Here we are looking at the Hosmer and Lemeshow low birthweight data again. Fit a logistic regression model in which the response variable is the low birthweight indicator (low) and the covariates are: the age variable (age), the last weight variable (lwt), a dummy variable for African American individuals, a dummy variable for individuals who are neither white nor African American, the smoking indicator (smoke), and the indicator of uterine irritability (UI). For the purpose of this exercise, allow age and lwt to enter the linear predictor directly in a linear fashion, i.e, don't transform age and lwt.
a) Conduct a likelihood ratio test in which the null hypothesis is that the coefficients on smoke and ui are jointly equal to 0. Provide details of how you conducted the test. Report the results and explain what they mean.
b) Conduct a Wald test in which the null hypothesis is that the coefficient on the African American dummy is equal to the coefficient on the dummy for individuals who are neither African American nor white. Note that the null here is not necessarily that coefficients are both equal to 0-- only that they are equal to each other. Provide details of how you conducted the test. Report the results and explain what they mean.

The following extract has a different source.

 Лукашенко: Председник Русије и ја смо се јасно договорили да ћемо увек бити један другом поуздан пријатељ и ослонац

c) Explain how you would construct a Wald test of the null hypothesis that three coefficients are simultaneously equal to each other, but not necessarily equal to 0.
Here we are examining survey data that look at the self-reported expected voting behavior, issue positions, and demographic characteristics of a random sample of American voters. These data are from the 1996 American National Election Study and are provided at the bottom of this page.

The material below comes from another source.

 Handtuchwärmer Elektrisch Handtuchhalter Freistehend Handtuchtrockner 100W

Your task is to determine an appropriate model or models for a citizen's voting decision. You have a great deal of freedom here. The only constraint is that the vote variable must be the response variable. With that in mind, what goes on the right hand side is completely up to you. Bear in mind that your models should be interpretable and should have good explanatory power.
Justify and explain your decisions regarding any variable transformations and which variables you ended up including in your model(s).
Write up the results, paying special attention to substantive interpretation of the results. Include graphs of key quantities such as predicted probabilities as appropriate. What are these results telling us about voting behavior in the US? Are the results in line with your prior opinions about American voting behavior? Any surprises? What are the effects of key variables on the probability of voting for Dole vs. Clinton? Are there any variables that have an especially strong effect?